> **Records shown**
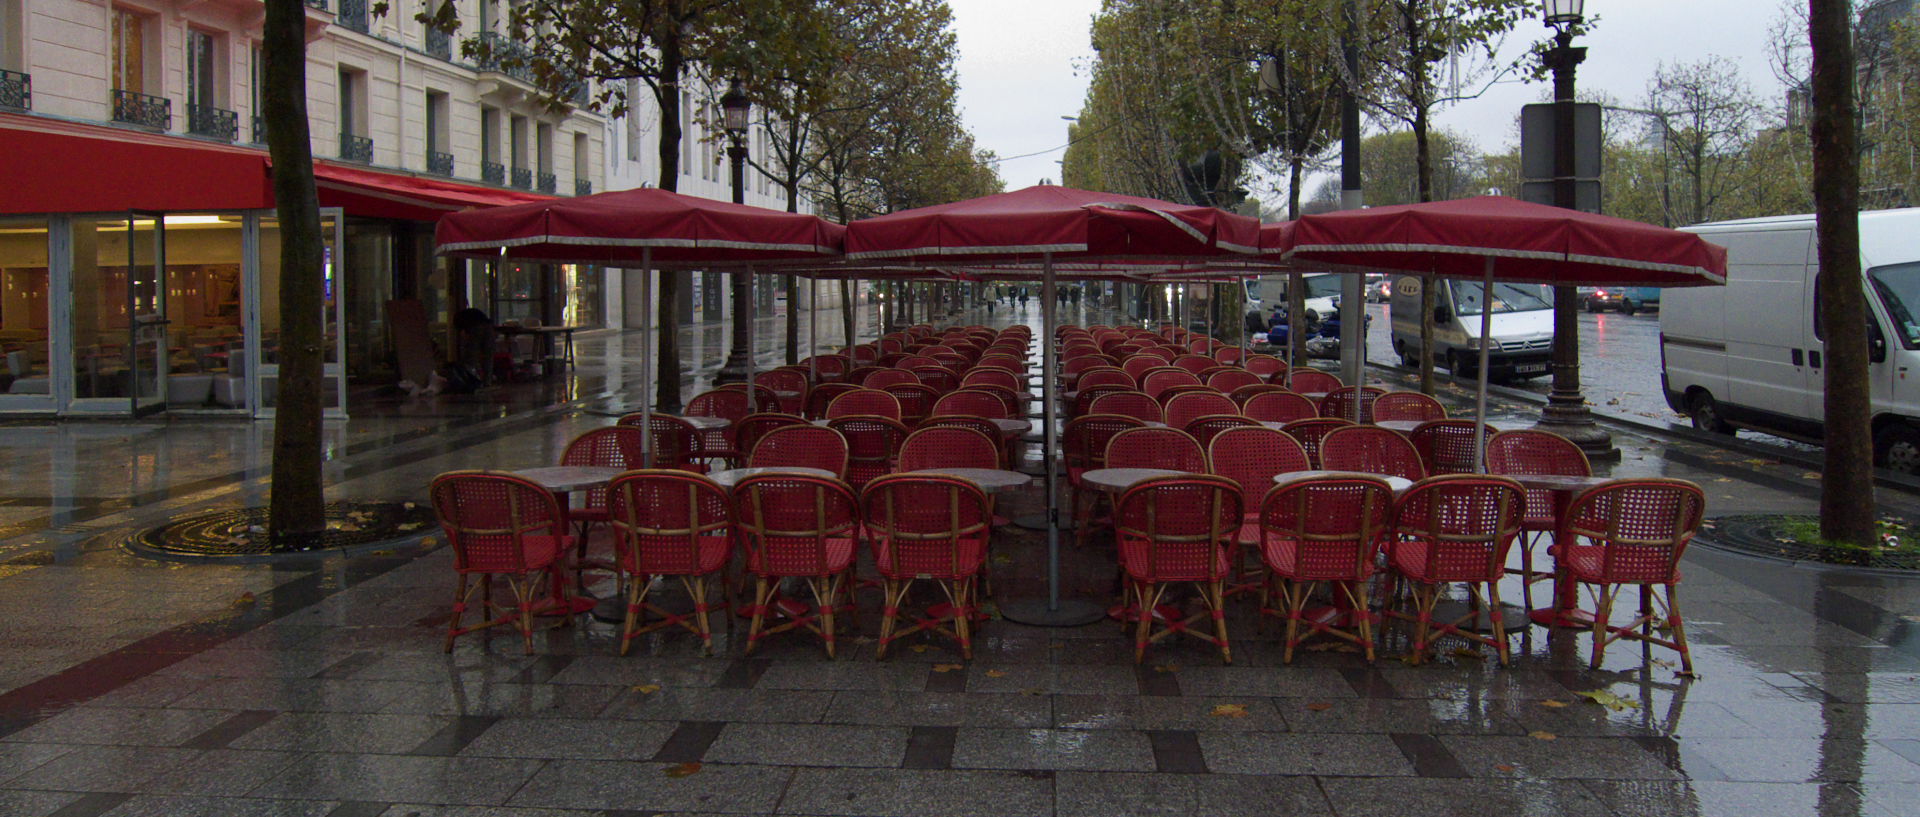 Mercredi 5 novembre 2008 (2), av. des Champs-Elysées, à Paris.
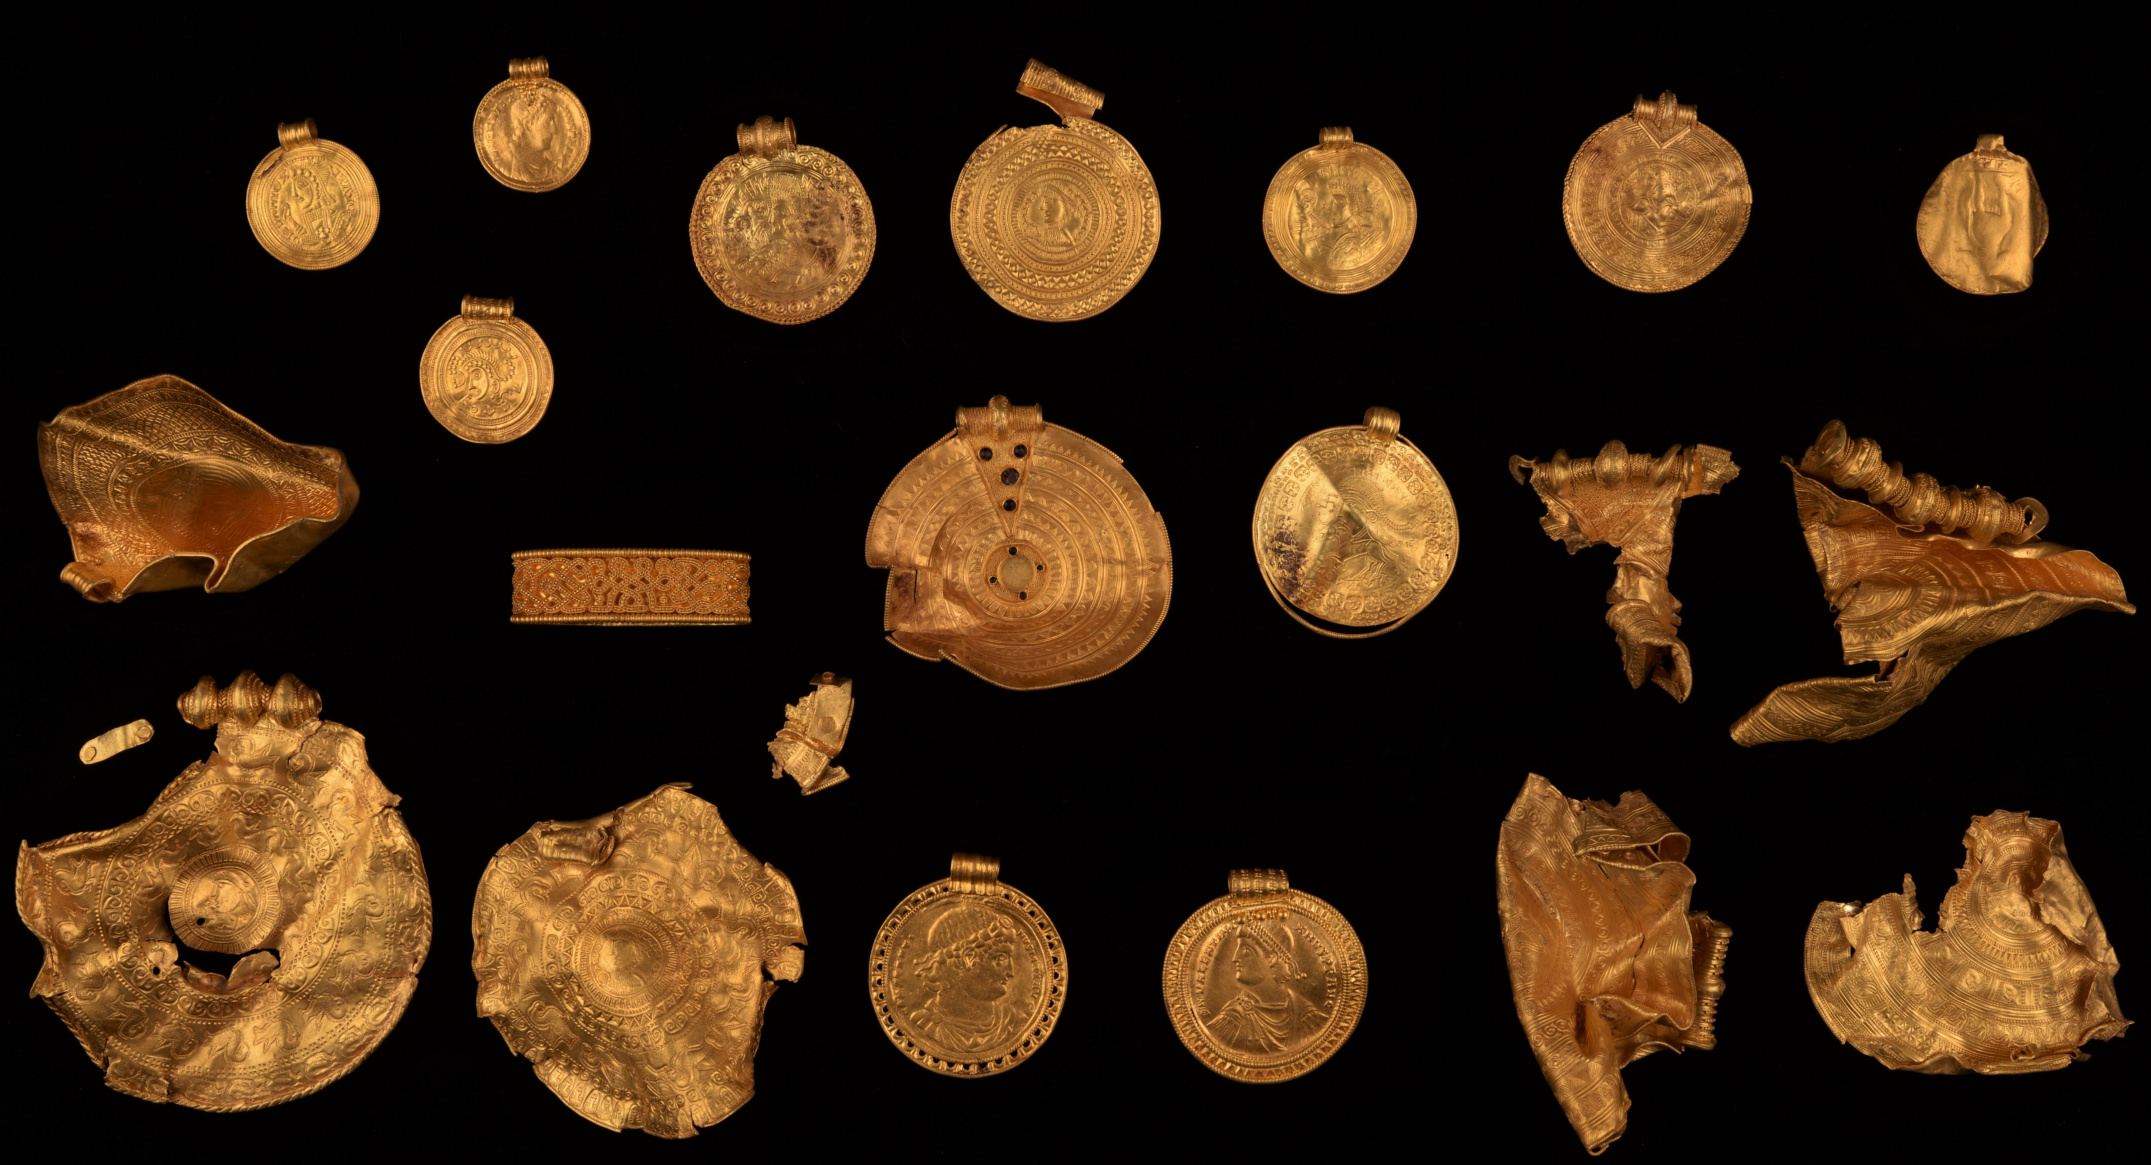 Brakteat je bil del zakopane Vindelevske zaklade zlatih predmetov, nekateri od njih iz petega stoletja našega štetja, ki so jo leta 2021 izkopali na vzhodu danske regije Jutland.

...

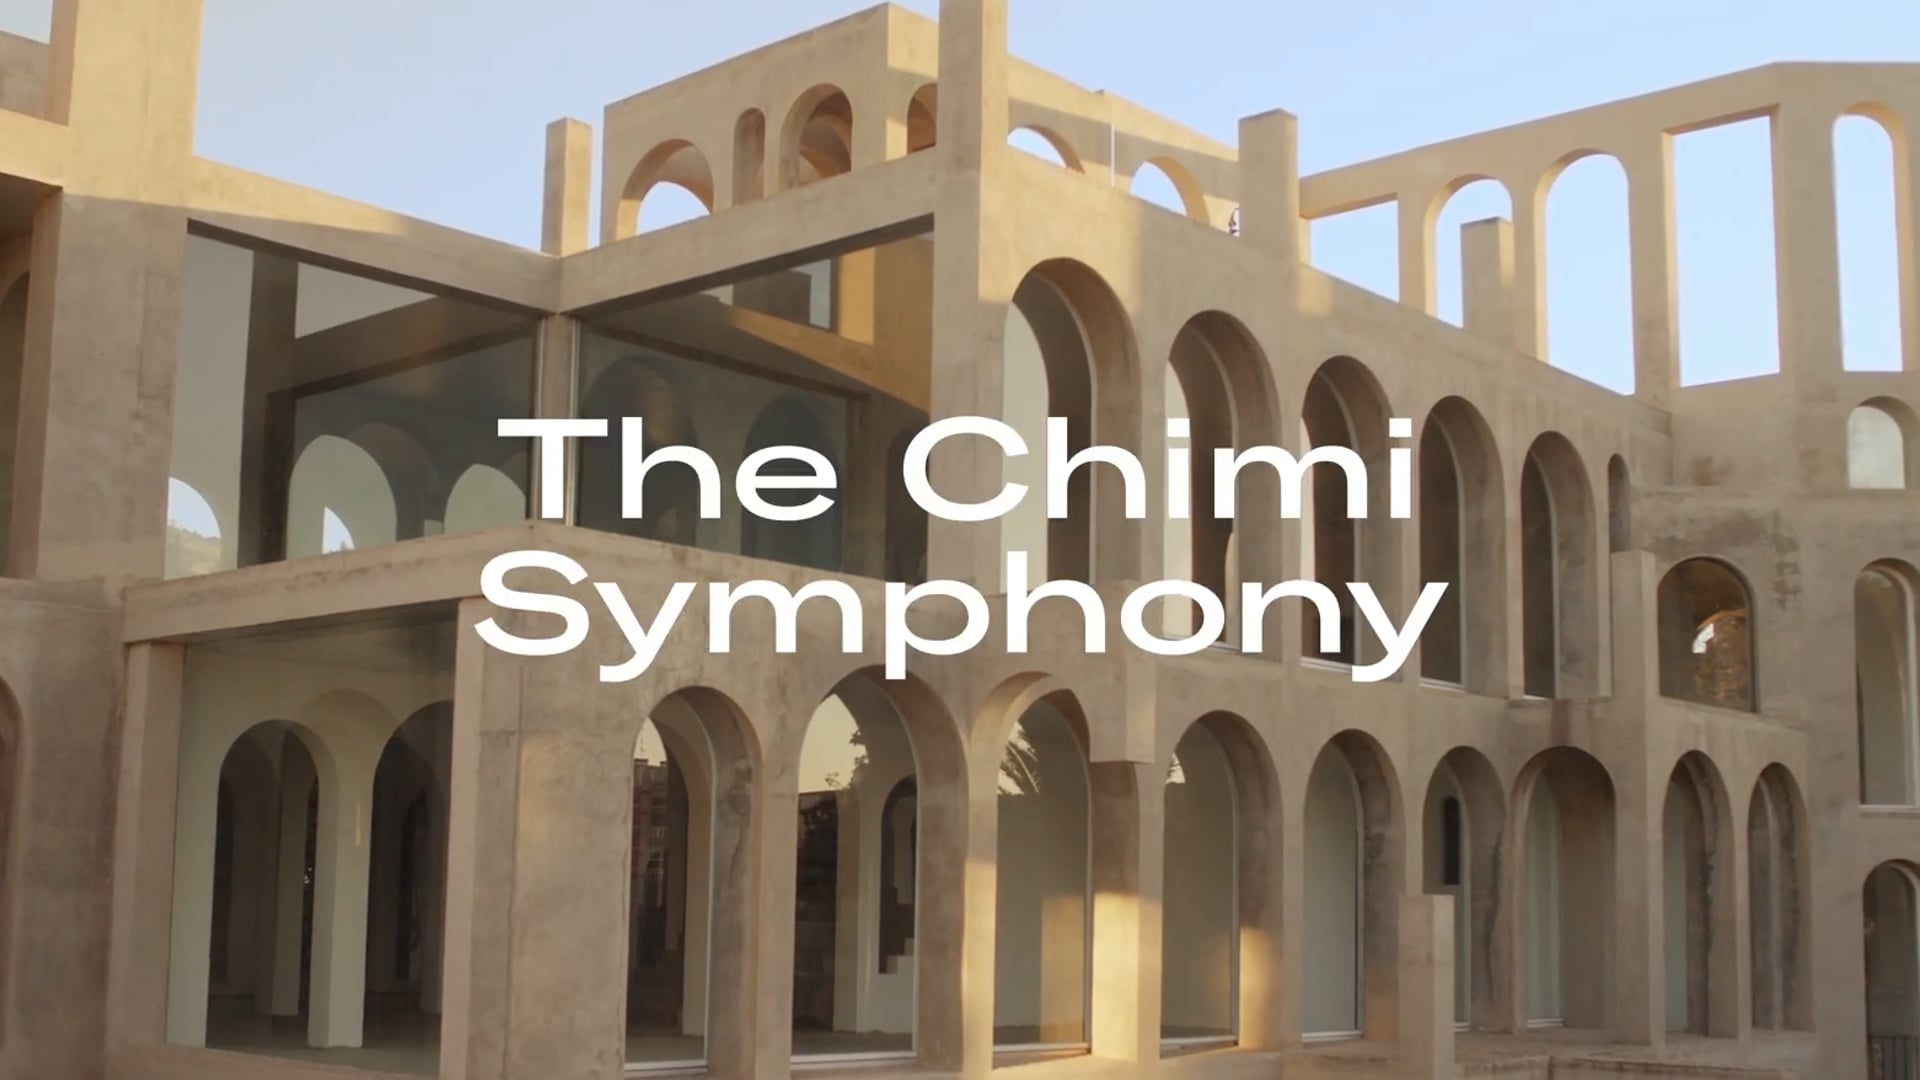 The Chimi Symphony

> **Brief**
Give back, exactly and without pictures, the stretch of the records above from the line containing "Mercredi 5 novembre" through the line containing "Brakteat je bil", with both end lines included.

> **Task answer**
 Mercredi 5 novembre 2008 (2), av. des Champs-Elysées, à Paris.
 Brakteat je bil del zakopane Vindelevske zaklade zlatih predmetov, nekateri od njih iz petega stoletja našega štetja, ki so jo leta 2021 izkopali na vzhodu danske regije Jutland.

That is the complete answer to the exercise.